New treatment guidelines strongly recommend that people with back pain first try non-drug measures such as yoga, physical therapy, chiropractic and massage before resorting to over-the-counter or prescription pain relievers.

The guidelines come from a team of experts convened by the American College of Physicians. They were published in February in the Annals of Internal Medicine. The expert group — comprised of leading back pain specialists and front-line docs — evaluated 46 recent studies on back pain and medications and 114 studies of non-drug approaches.

In addition to the above-mentioned interventions, the group recommended first trying the following before resorting to drugs: exercise, tai chi, acupuncture, mindfulness-based stress reduction, progressive relaxation, biofeedback and cognitive behavioral therapy.

Importantly, the researchers found no evidence that any of these techniques is better than any other; it’s a matter of personal preference and what works for your pain and in your life.

New guidelines call for trying alternative methods such exercise, acupuncture, yoga, tai chi and mindfulness stress reduction to reduce pain before resorting to drugs.

What If Alternative Methods Don’t Provide Enough Relief?

If the source of the pain is an acute injury (that is, it’s of sudden onset and has lasted less than a few weeks), try an over-the-counter nonsteroidal anti-inflammatory drug (NSAID) first. Ibuprofen works as well as the others for most people, and is inexpensive. Naproxen is another alternative.

If the pain is particularly bad — preventing you from working, sleeping or functioning normally — you can also try a muscle relaxant. But limit the use of it to a week at most. Muscle relaxants like Flexeril cause drowsiness and sedation and can be habit forming.

Based on the latest research, the group concluded that acetaminophen is not effective for acute back pain, especially if the pain is related to an injury that causes inflammation. Unlike the NSAID drugs, acetaminophen does not reduce inflammation.

The expert guidelines also advise against steroid injections, citing the lack of evidence that this approach is helpful.

Try NSAIDs First If Non-Drug Techniques Fail

If you have chronic back pain and non-drug techniques don’t provide relief within a week or two, the guidelines recommend NSAIDs as the first-line therapy. If they don’t do the job, talk with your doctor about tramadol, Cymbalta (duloxetine) or a muscle relaxant.

Tramadol is a low-strength opioid with less risk of side effects, abuse and addiction. Duloxetine is an antidepressant proven effective against some kinds of pain.

About other, stronger opioids, the new guidelines say: “Clinicians should only consider opioids as an option in patients who have failed [other] treatments and only if the potential benefits outweigh the risks for individual patients and after a discussion of known risks and realistic benefits with patients.”

Indeed, the back pain experts emphasize that opioids have not been shown to relieve chronic back pain over the long term without significant risk. Namely, too many people end up taking higher doses to get the same pain relief. As a result, they put themselves at higher risk of addiction and its well-known adverse consequences.

A recent meta-analysis in JAMA Internal Medicine that included 20 trials involving 7,300 patients found that opioids didn’t provide significant relief for people with chronic back pain. Further, half the participants dropped out early because the medication didn’t work or the side effects were intolerable.

In contrast, a survey of 3,562 adults by Consumer Reports found that almost 90% of people who tried yoga or tai chi said these practices were helpful against back pain, and about 80% said the same of massage and chiropractic. Even so, about a third of respondents said they took prescription drugs for their back pain, and of those, 57% were prescribed opioids at some point.

“Many physicians who are used to writing prescriptions right off the bat or sending patients for tests are going to have to rethink the way they manage back pain,” says Nitin S. Damle, M.D., former president of the American College of Physicians.

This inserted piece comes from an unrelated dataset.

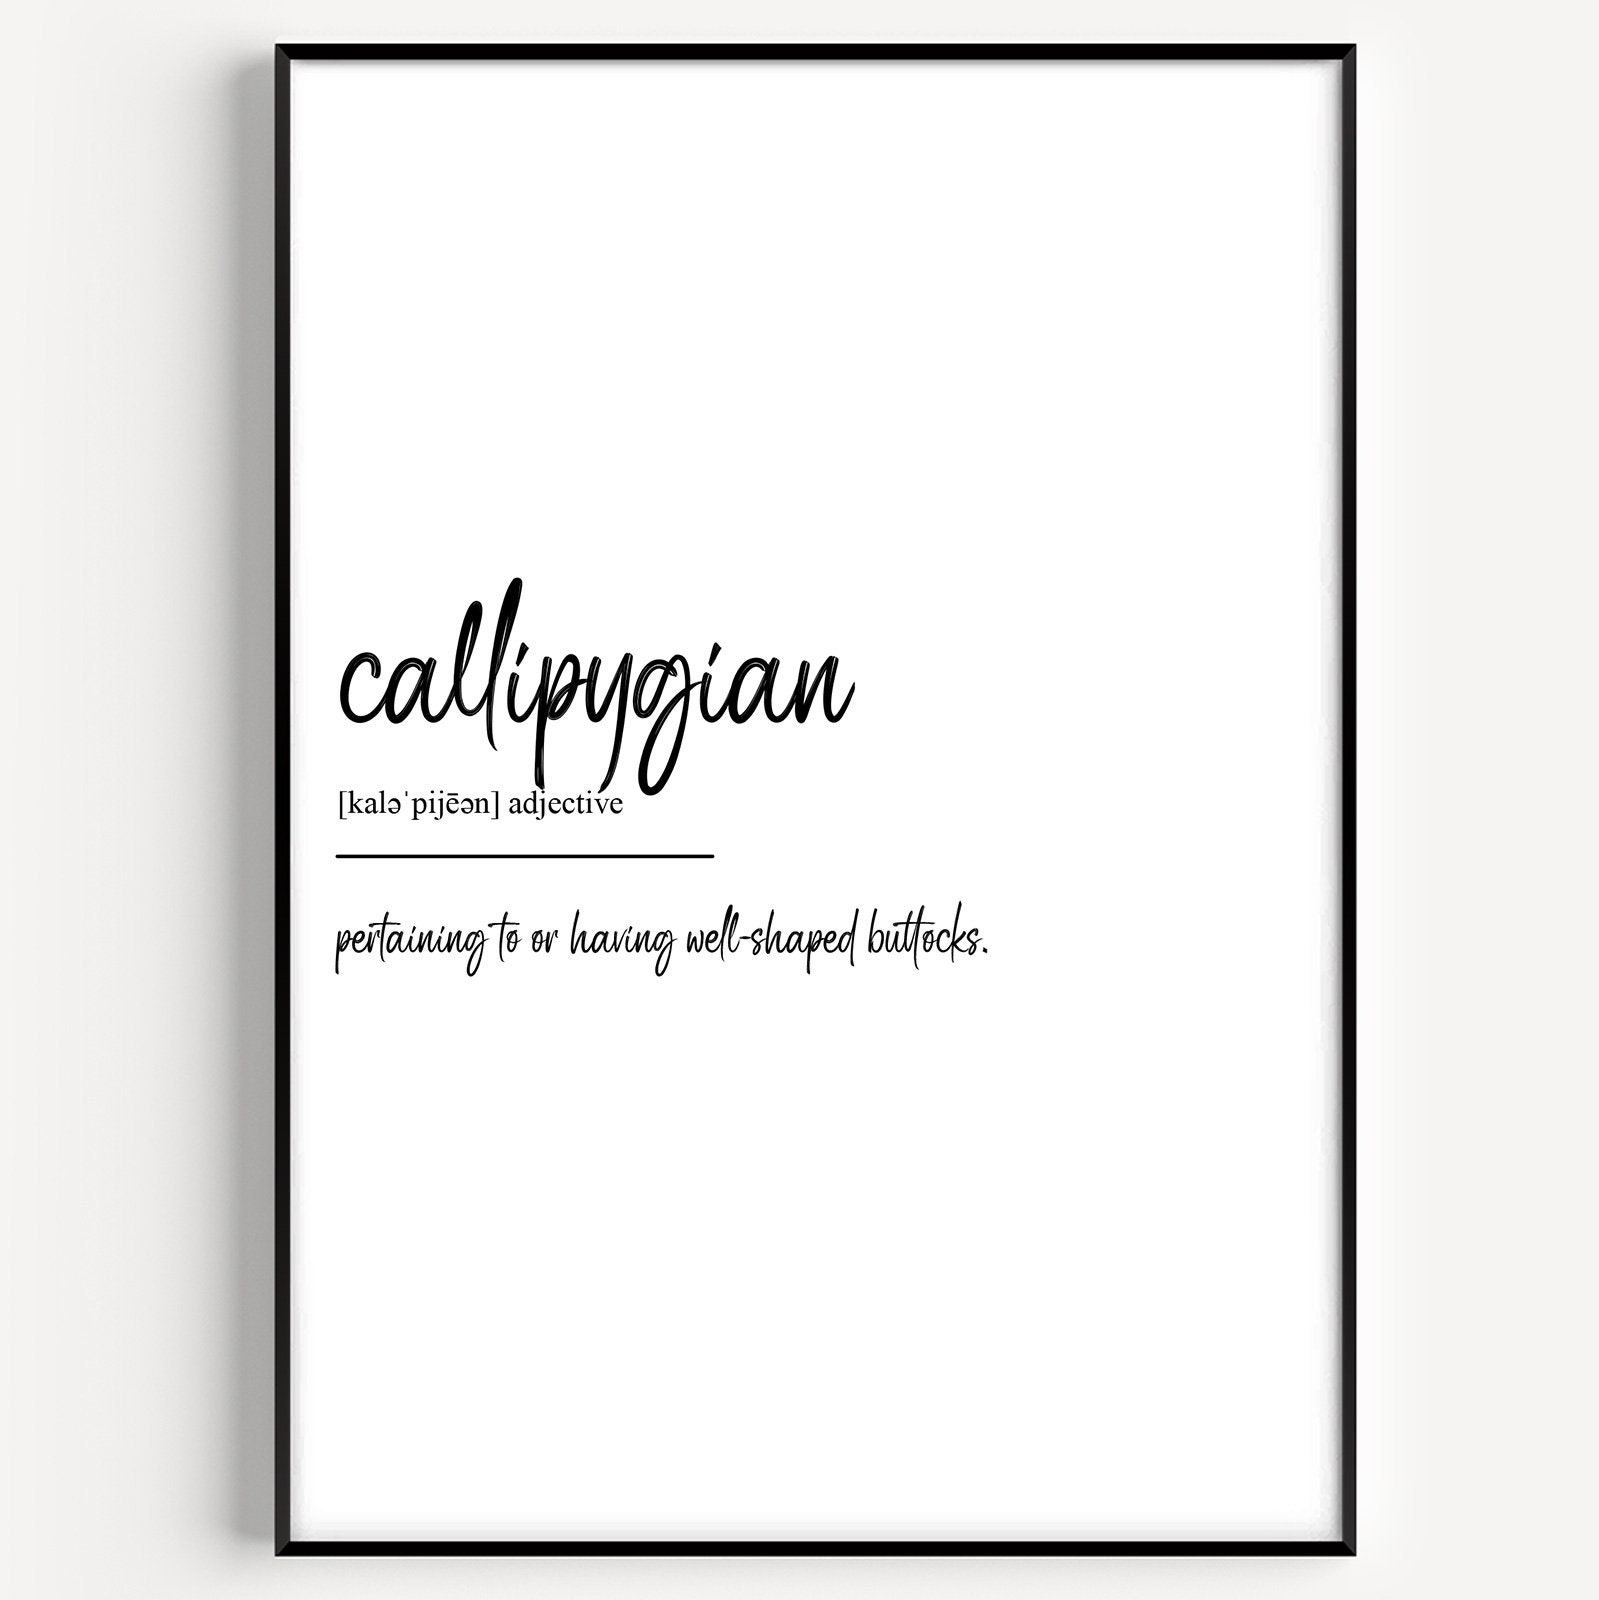 Word of the week: Callipygian

Consumer Reports’ June 2017 cover story is on back pain and draws on the new guidelines, its survey and recent research.

Among the tips from the ACP guidelines and Consumer Reports:

Avoid bed rest; that’s outdated medical advice. Gentle activity such as walking and light stretching, and generally staying active, is more helpful.

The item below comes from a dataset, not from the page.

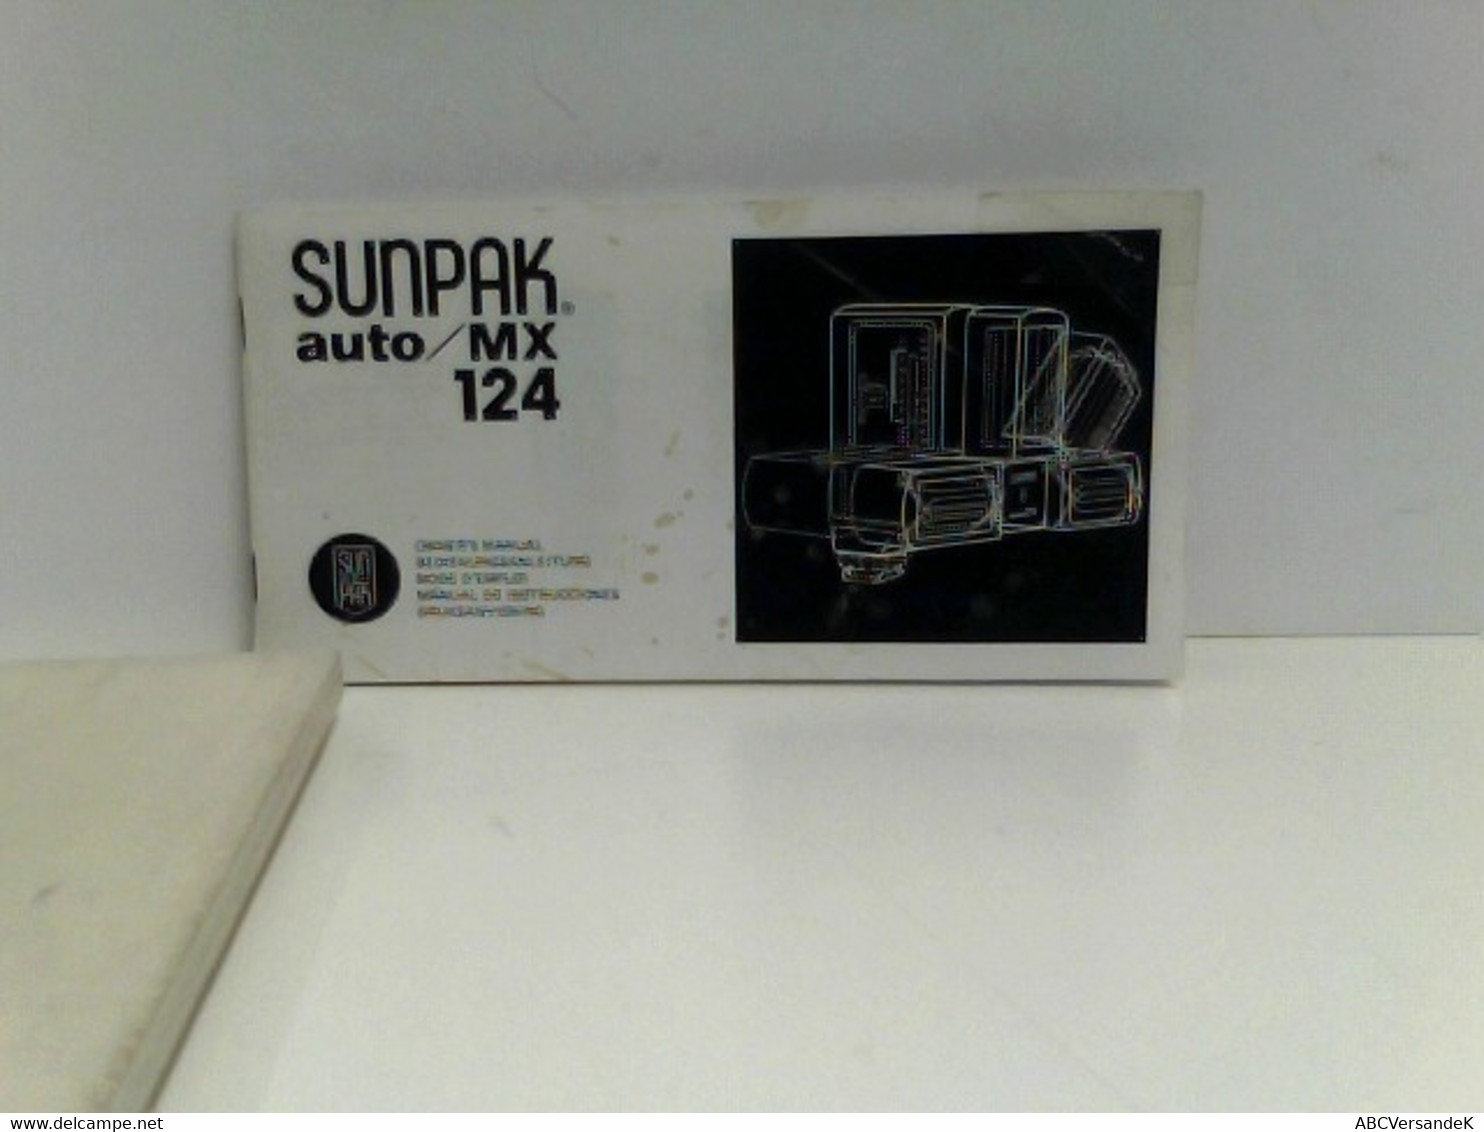 Sunpak Auto/MX 124 Blitzlichtgeräte - Photography

You don’t need to see a doctor if your back injury is minor. The vast majority of injuries and tweaks of the back heal on their own. But be patient. It may take a week or 2 or even 3 in some cases. If the pain worsens over time or fails to ease, do see a doctor.

If your pain is radiating down one leg, see a doctor. This can indicate that a nerve is involved.

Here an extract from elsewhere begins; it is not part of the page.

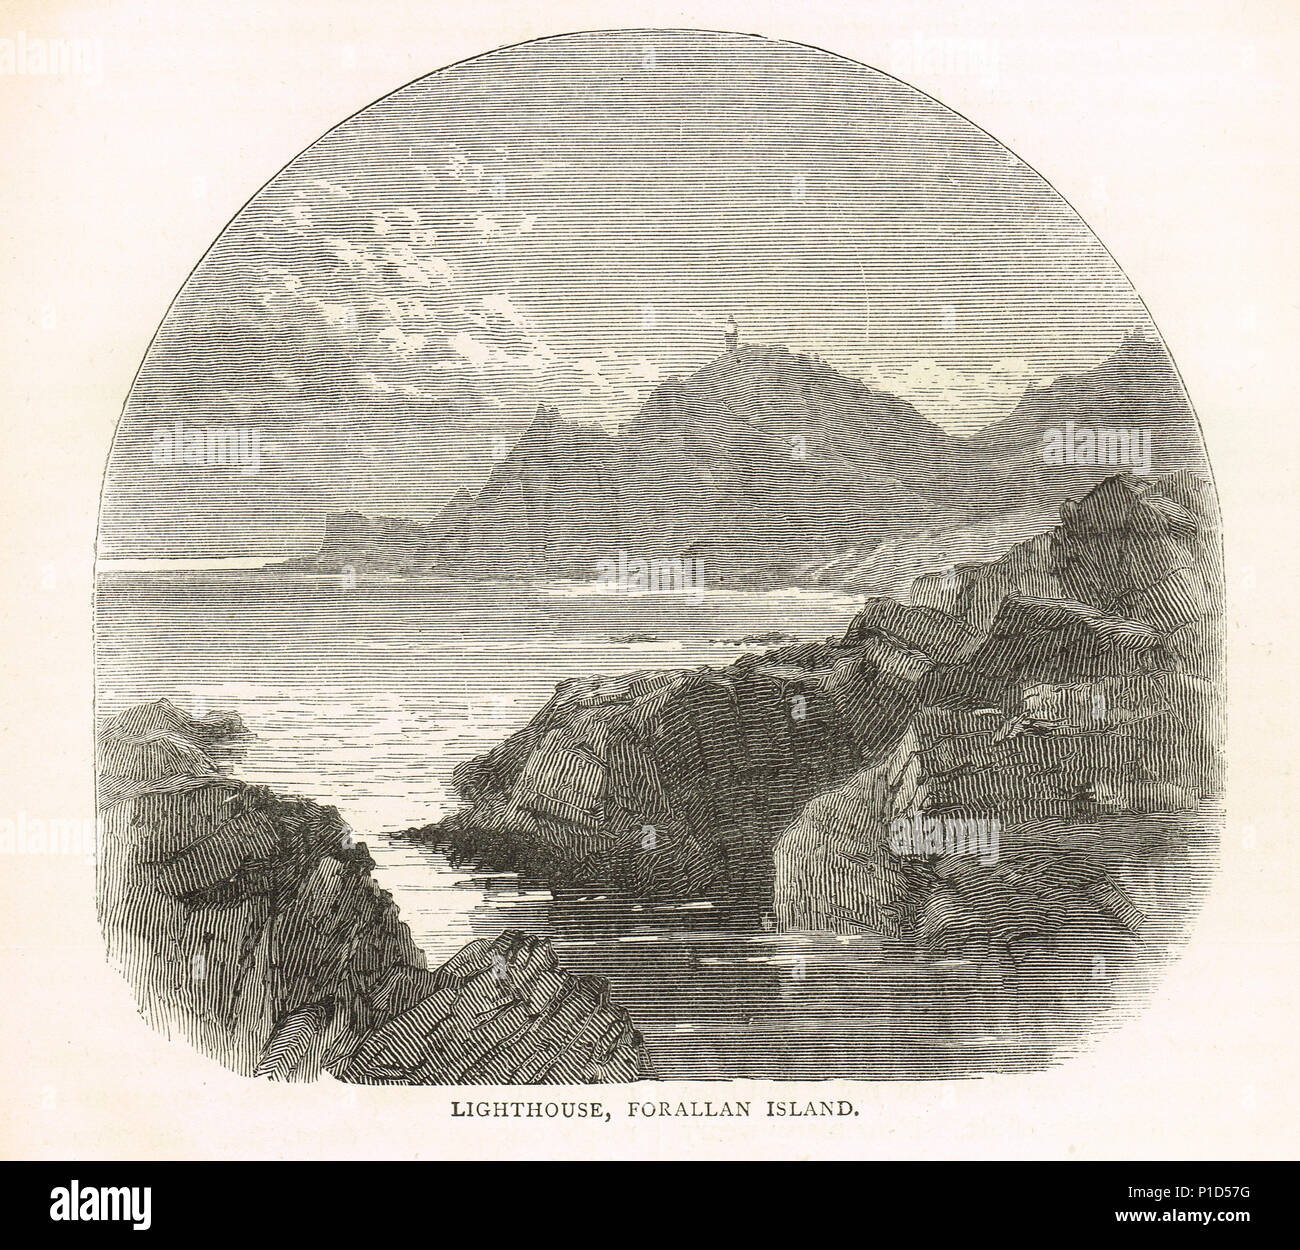 Farallon Island Light, California, 19th Century illustration Stock Photo

Be judicious with how much ibuprofen and naproxen you take. Don’t exceed 1,600 milligrams (8 200mg pills) of ibuprofen a day or 1,000mg of naproxen a day. Limit use of both to 7 days. They both carry risks if taken at high doses for long periods.

Personalize your treatment plan. Everyone responds to pain differently, and there’s no set strategy for treating back pain that works for everyone.

✔ The National Center for Complementary and Integrative Health, or NCCIH, can recommend a practitioner. The UCLA Mindful Awareness Research Center offers free online mindfulness and relaxation programs. And if you decide to try acupuncture, check that your practitioner is certified by the National Certification Commission for Acupuncture and Oriental Medicine.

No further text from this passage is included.